Group DataFrame with intelligent NaN handling during aggregation.

Enhanced version of pandas.DataFrame.groupby().agg() that provides control over how NaN values are treated during aggregation. By default, pandas ignores NaNs, which can produce misleading results (e.g., treating NaNs as zeros in sums).

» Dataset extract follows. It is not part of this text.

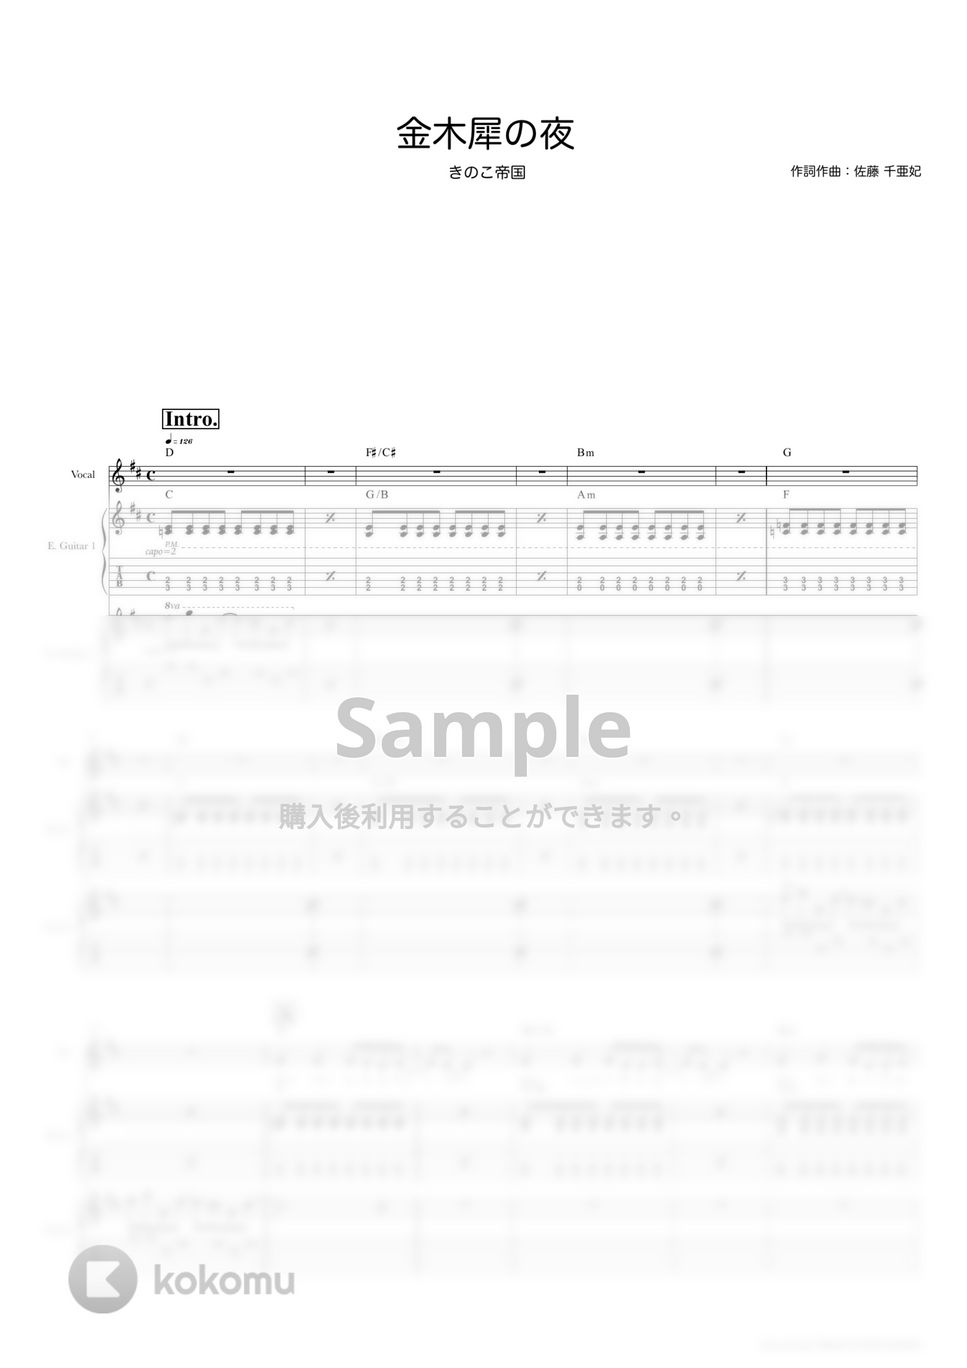 きのこ帝国 - 金木犀の夜 (ギタースコア・歌詞・コード付き) by TRIAD GUITAR SCHOOL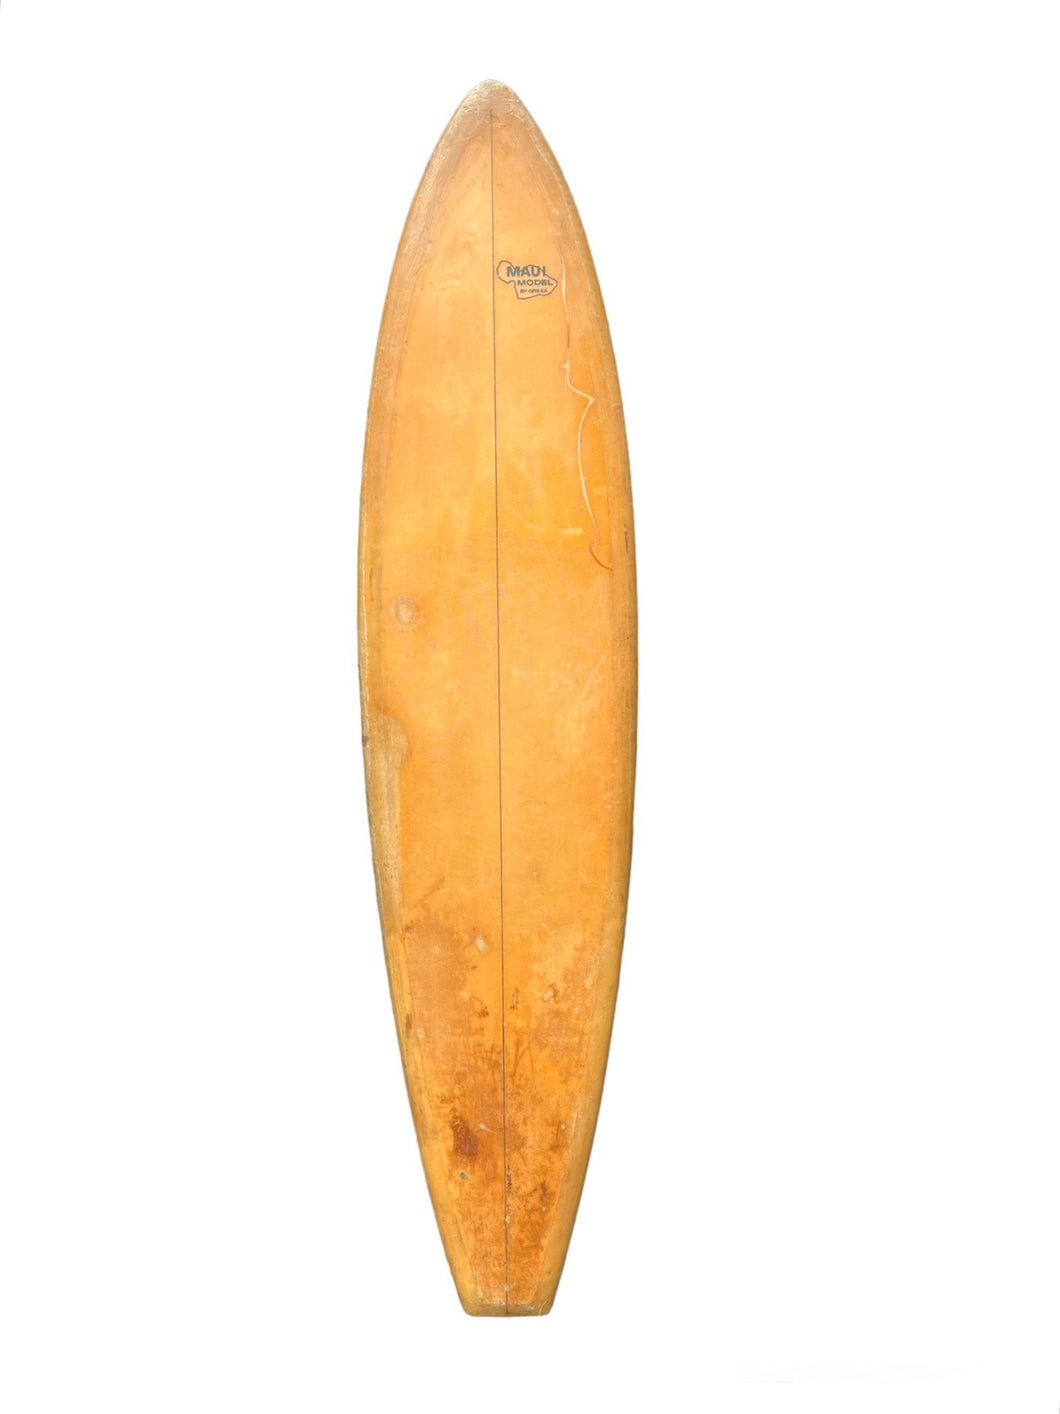 Greek surfboard

This function supports weighted aggregations using the special syntax mean_weighted_by_<column_name> for any aggregation.

Behavior

When all NaN parameters are None: behaves like standard pandas groupby
When any NaN parameter is set: applies sequential validation rules

NaN Handling Rules (applied in order):

1. If `num_allowed_nans` is set: group becomes NaN if it has more NaNs
2. If `frac_allowed_nans` is set: group becomes NaN if NaN fraction exceeds threshold
3. If `min_num_values` is set: group becomes NaN if valid values < threshold

Parameters:

df (DataFrame) –

Source DataFrame to group and aggregate.
groupby_columns (list[str] | str) –

Column name(s) to group by. Can be a single string or list.
aggregations (dict[str, Any] | None, default: None ) –

Dictionary mapping column names to aggregation functions. If None, applies 'sum' to all columns. Supports weighted means with syntax: {'col': 'mean_weighted_by_weight_col'}.
num_allowed_nans (int | None, default: None ) –

Maximum number of NaN values allowed in a group before the aggregate becomes NaN.
frac_allowed_nans (float | None, default: None ) –

Maximum fraction of NaN values allowed (0.0-1.0). Group becomes NaN if NaN fraction exceeds this threshold.
min_num_values (int | None, default: None ) –

Minimum number of non-NaN values required. Group becomes NaN if it has fewer valid values (and at least one NaN).

Returns:

DataFrame –

Grouped and aggregated DataFrame with NaN handling applied.

Example

Basic groupby with NaN control

import pandas as pd
from owid.datautils.dataframes import groupby_agg

df = pd.DataFrame({
    "country": ["USA", "USA", "UK", "UK"],
    "year": [2020, 2021, 2020, 2021],
    "value": [100, None, 200, 300]
})

# Standard pandas sum treats NaN as 0
# result = df.groupby("country").sum()  # USA: 100

# With min_num_values=1, NaN if all values are NaN
result = groupby_agg(
    df,
    groupby_columns="country",
    aggregations={"value": "sum"},
    min_num_values=1
)
# USA: 100 (has 1 valid value), UK: 500 (has 2 valid values)

Weighted mean aggregation

df = pd.DataFrame({
    "country": ["USA", "USA", "UK"],
    "value": [10, 20, 30],
    "population": [100, 200, 300]
})

result = groupby_agg(
    df,
    groupby_columns="country",
    aggregations={"value": "mean_weighted_by_population"}
)
# USA: 16.67 = (10*100 + 20*200)/(100+200)

Note

Does not support multiple aggregations for the same column (e.g., {'a': ('sum', 'mean')}).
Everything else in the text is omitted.